At the FBI office, Don and Charlie's father, Alan Eppes (Judd Hirsch), handles a phone call about suspicious charges on Charlie's credit card. Charlie realizes that the charged items are a code from Amita, telling him and the FBI team to watch her office. At CalSci, David and Colby arrest Piper St. John (Sarah Drew), a member of Dureya's cult who arrived to retrieve Amita's notebook computer. Piper refuses to give the agents Dureya and Amita's location. Believing that the carved wood pieces are mathematical clues, Don hands Charlie the wood. Charlie, still emotionally upset, snaps at an empathic Don. Meanwhile, Amita tries to escape, but Dureya stops her attempt.

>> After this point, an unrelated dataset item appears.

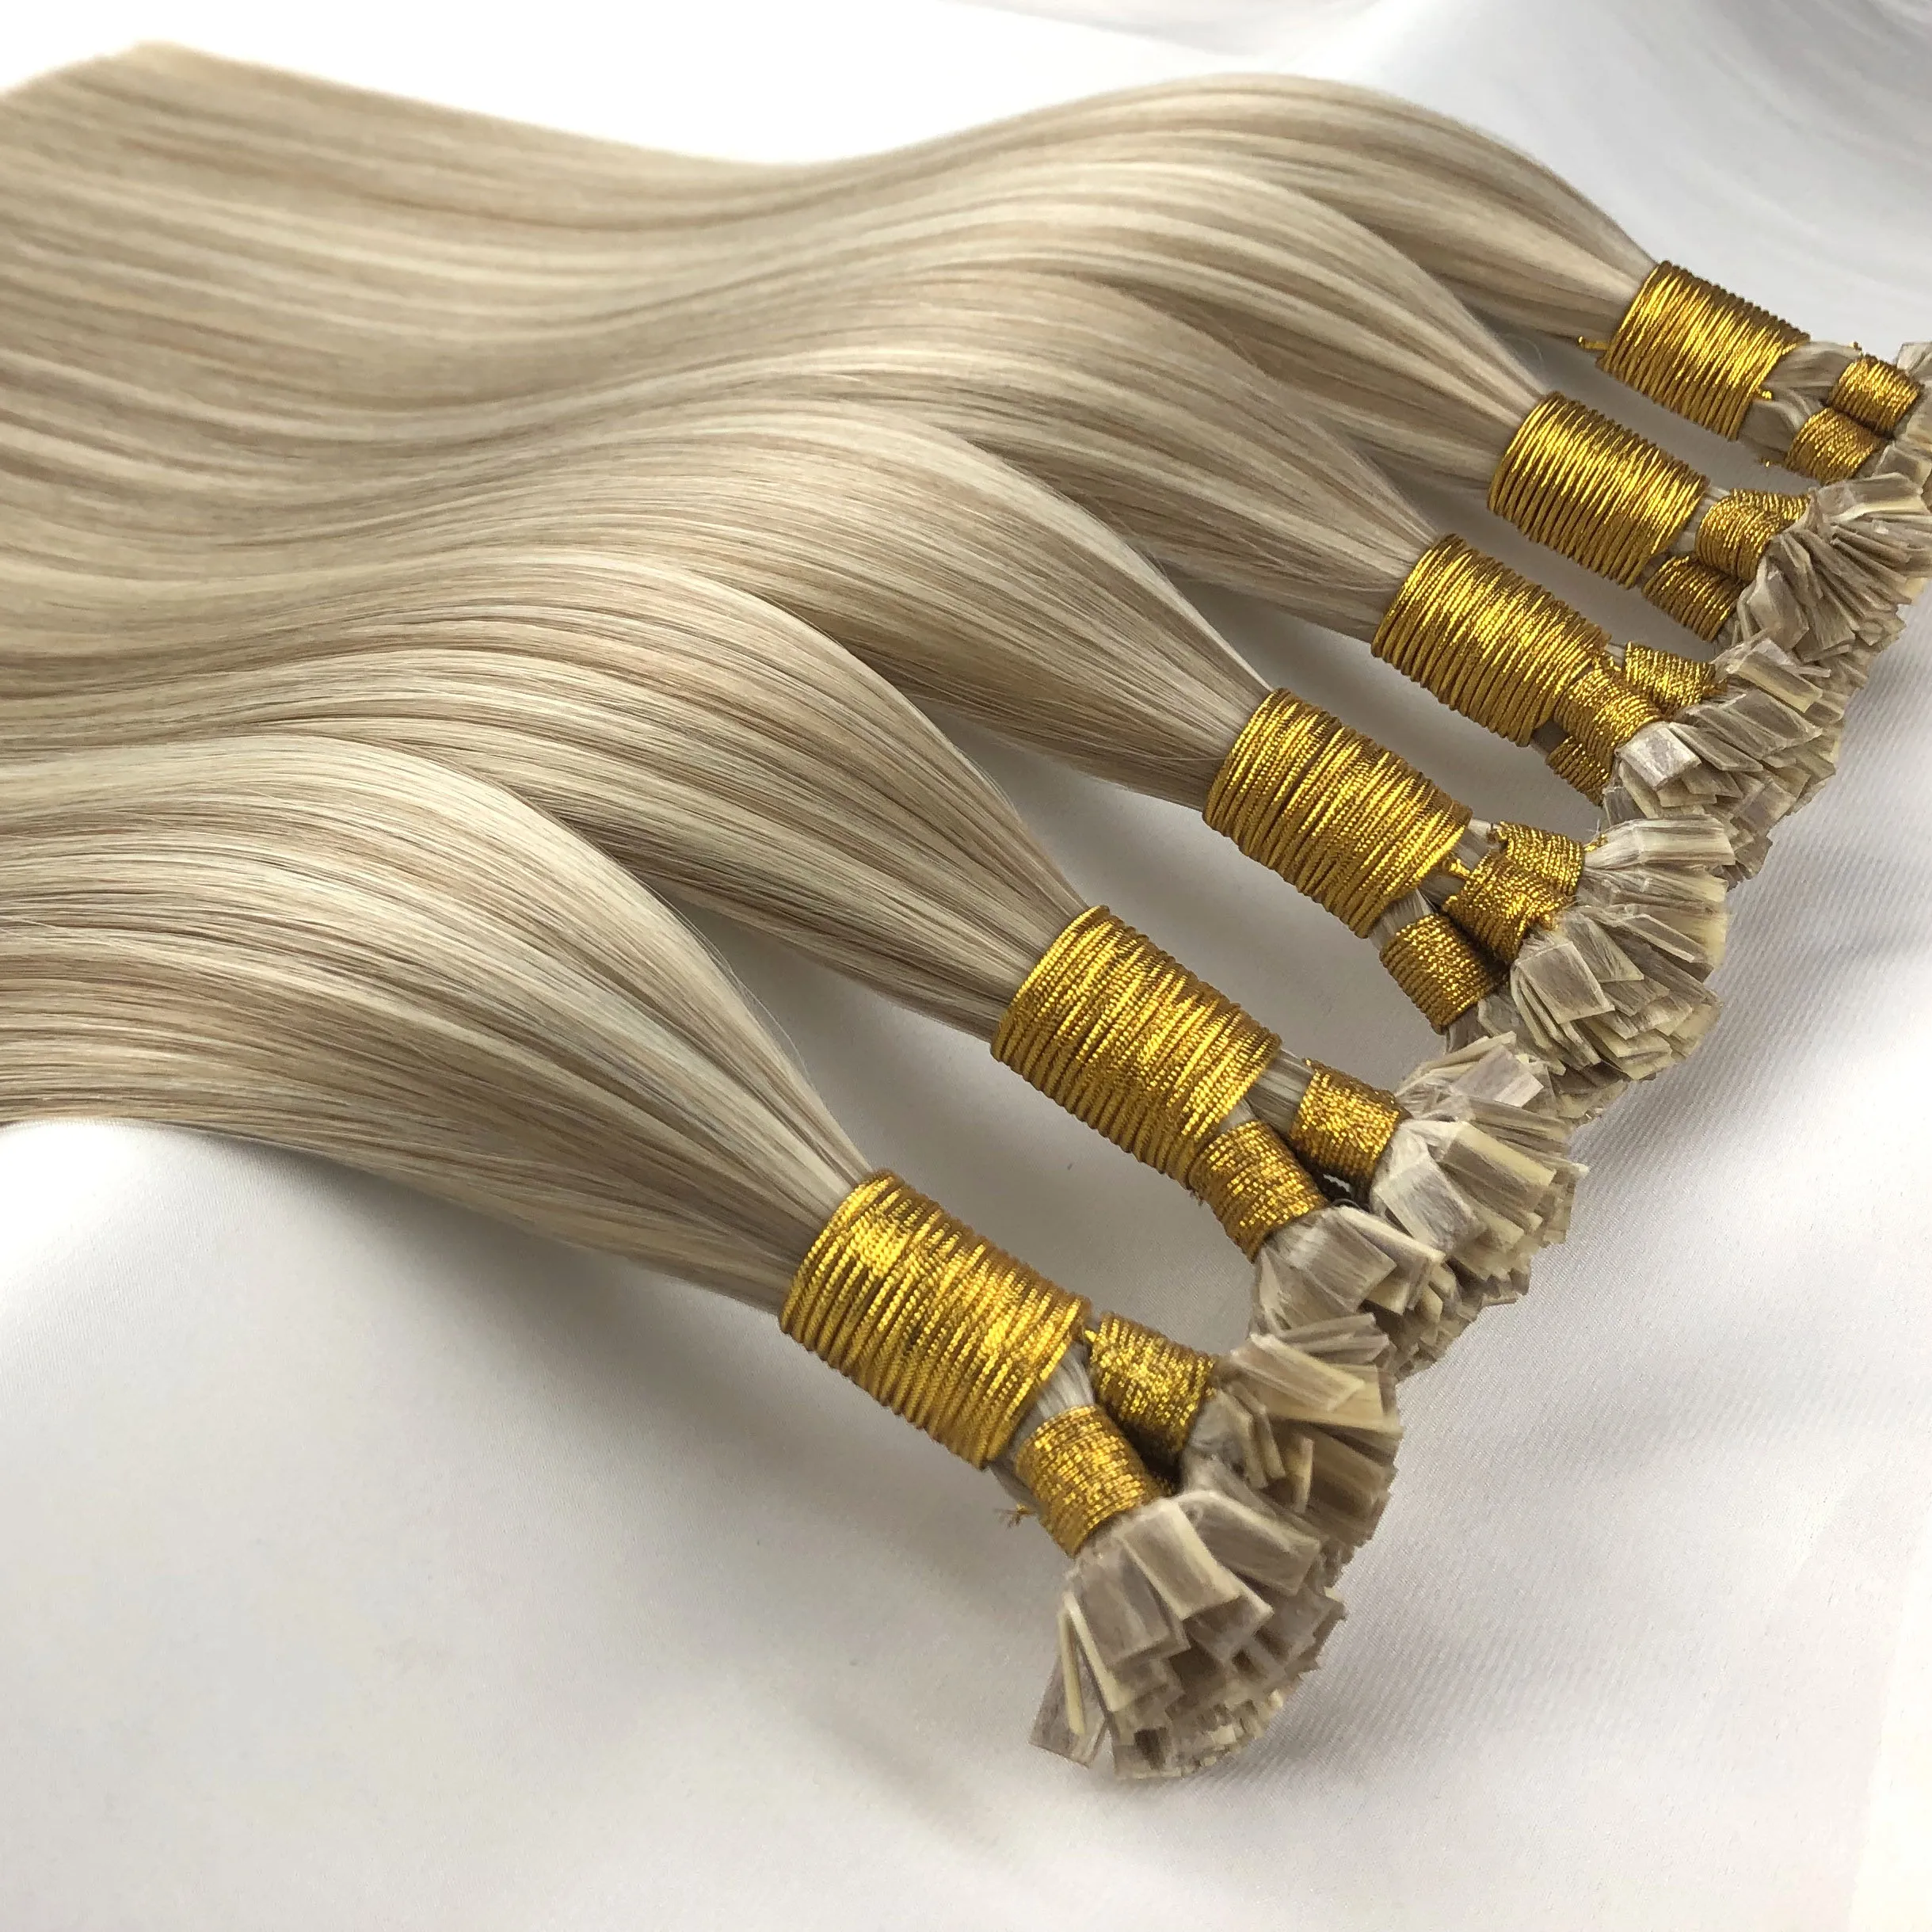 Extensões de cabelo de longa duração, estampa de cabelo com queratina desenhada dupla

After David insists that the fraudulent charges' prices are a numerical clue, Charlie realizes that the numbers are an IP address (275.3.60.28) that Amita is using as a mirror site. He also realizes that she wants to create a fake cyberattack on the bank, which holds a large percentage of the nation's debt. The team assumes that Dureya wants anarchy to arise from the bank's collapse. While the team discusses their theory, Larry tells the team that the wood pieces are a Burr puzzle. Don, inspired by the Burr puzzle, persuades Piper to reveal Amita's location. The FBI team and Charlie arrive at Dureya's hideout as Amita launches the "cyberattack". During a shootout with the cult, Amita learns that Dureya wants fame and a confrontation with the FBI, not anarchy. The team rescues Amita, who runs to Charlie. Back at the FBI office, Larry, David, Colby, and Liz celebrate the case's successful resolution while Nikki and Ian leave for a date. Don returns to Charlie's house where Don thanks Alan for the clue; Don and Alan also discuss Don's crisis of faith since his recent stabbing. At CalSci, Charlie proposes to Amita.

==Production==

===Writing===
In separate TVGuide.com interviews, actors Rob Morrow and Alimi Ballard mentioned the season finale was a cliffhanger. Writers chose to end the season with Charlie's proposal to Amita as the cliff-hanger. Numb3rs series regular Navi Rawat told Adam Bryant in a TVGuide.com interview that, in contrast to her other dangerous situations, Amita's kidnapping was unexpected and intense for her. As a result of the incident, Amita reprioritized her life. The storyline continued with Amita's response in the season six season premiere "Hangman", where she accepted his proposal and asked him to keep her response a secret until he asked her father for her hand in marriage. The writers and producers created the resolution since they had earlier established that Amita's family was a traditional Indian family.

===Casting notes===
James Callis, previously on Battlestar Galactica, portrayed the cult leader. Seeing it as an opportunity to portray a new character, Callis auditioned for the role of Mason Dureya. A British actor, he had previously played an American twice before, once in the BBC series "A Dance to the Music of Time" and the other in "West End". The director and the producer told Callis that they did not want Dureya to sound too southern. Callis did not research cult leaders but instead chose to derive Dureya's behavior from the episode's dialogue.

==Reception==
Critically, the episode was very well received. Brian Zoromski, a reviewer at IGN.com, stated that the episode "wasn't going to be a typical episode" and gave "Angels and Devils" a 9.0 rating. Matt Fowler, another reviewer at IGN.com, called the episode "taut". Tim Holland of TVGuide.com called the episode "an emotionally demanding hour". Matt Mitovich, also of TVGuide.com, called the episode "very chilling".
Jeffrey Robinson of DVD Talk called "Angels and Devils" "thrilling" and one of "the best" episodes of the season.